When fires burn late into the season, past the end of July in northern latitudes, they don't just burn what's on the surface, but go deep into the soil where plant matter and other biomass have accumulated over thousands of years, said Merritt Turetsky, the study's lead author.
At some locations in interior Alaska, this accumulated biomass is as much as 26 feet deep, and is where climate-warming carbon has been stored. When it ignites, the carbon is emitted into the atmosphere.
Until about the year 2000, this part of Alaska stored more carbon than was emitted by industry and other sources in the area, but the last 10 years have seen an abrupt shift as long-stored soil carbon has been released by fire.

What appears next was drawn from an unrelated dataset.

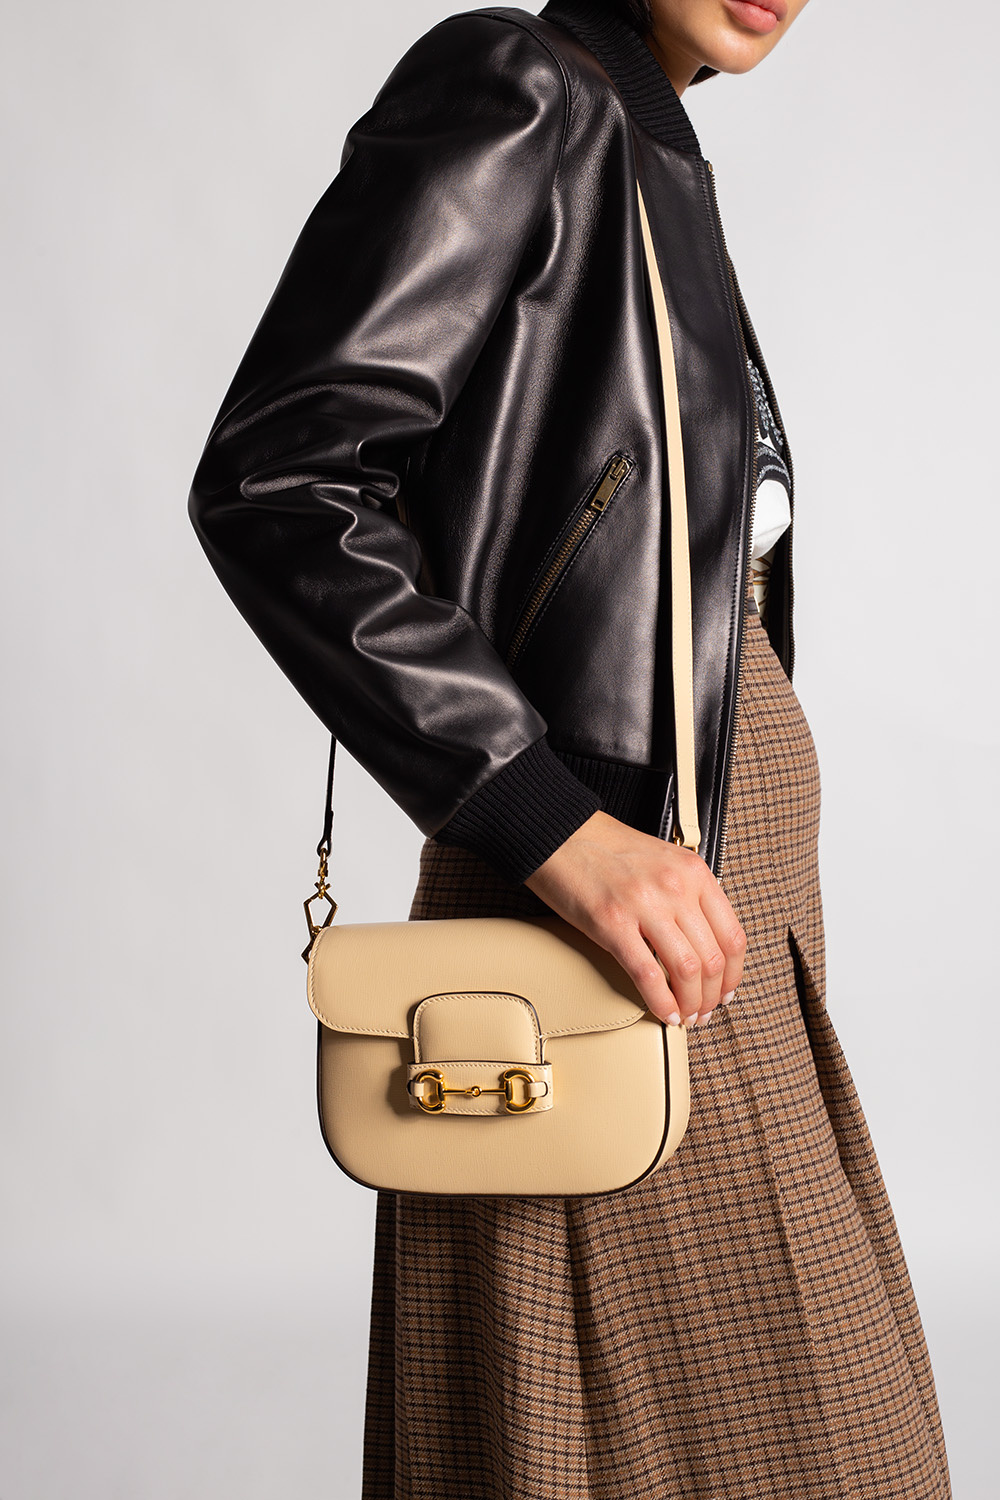 Gucci Horsebit 1955 Mini Shoulder Bag in Brown - Gucci

"Even though these systems have burned in the past, there was enough productivity, enough carbon being fixed (stored) by vegetation, that even when you took into account these fire emissions, they were still a small net sink of carbon," Turetsky said by telephone from the University of Guelph in Ontario, Canada.
"In the past 10 years there was this unprecedented amount of carbon released as a consequence of burning, and that changed the system from a small net sink to a net carbon source," she said.
These deep burns occur more often now because the fire season is longer and the late summer fires are fueled by dry ground and warmer air; these conditions are part of a warming environment. About half these fires are started by people, the other half by lightning.
Decades' worth of accumulated biomass, called peat, can burn in minutes, Turetsky said.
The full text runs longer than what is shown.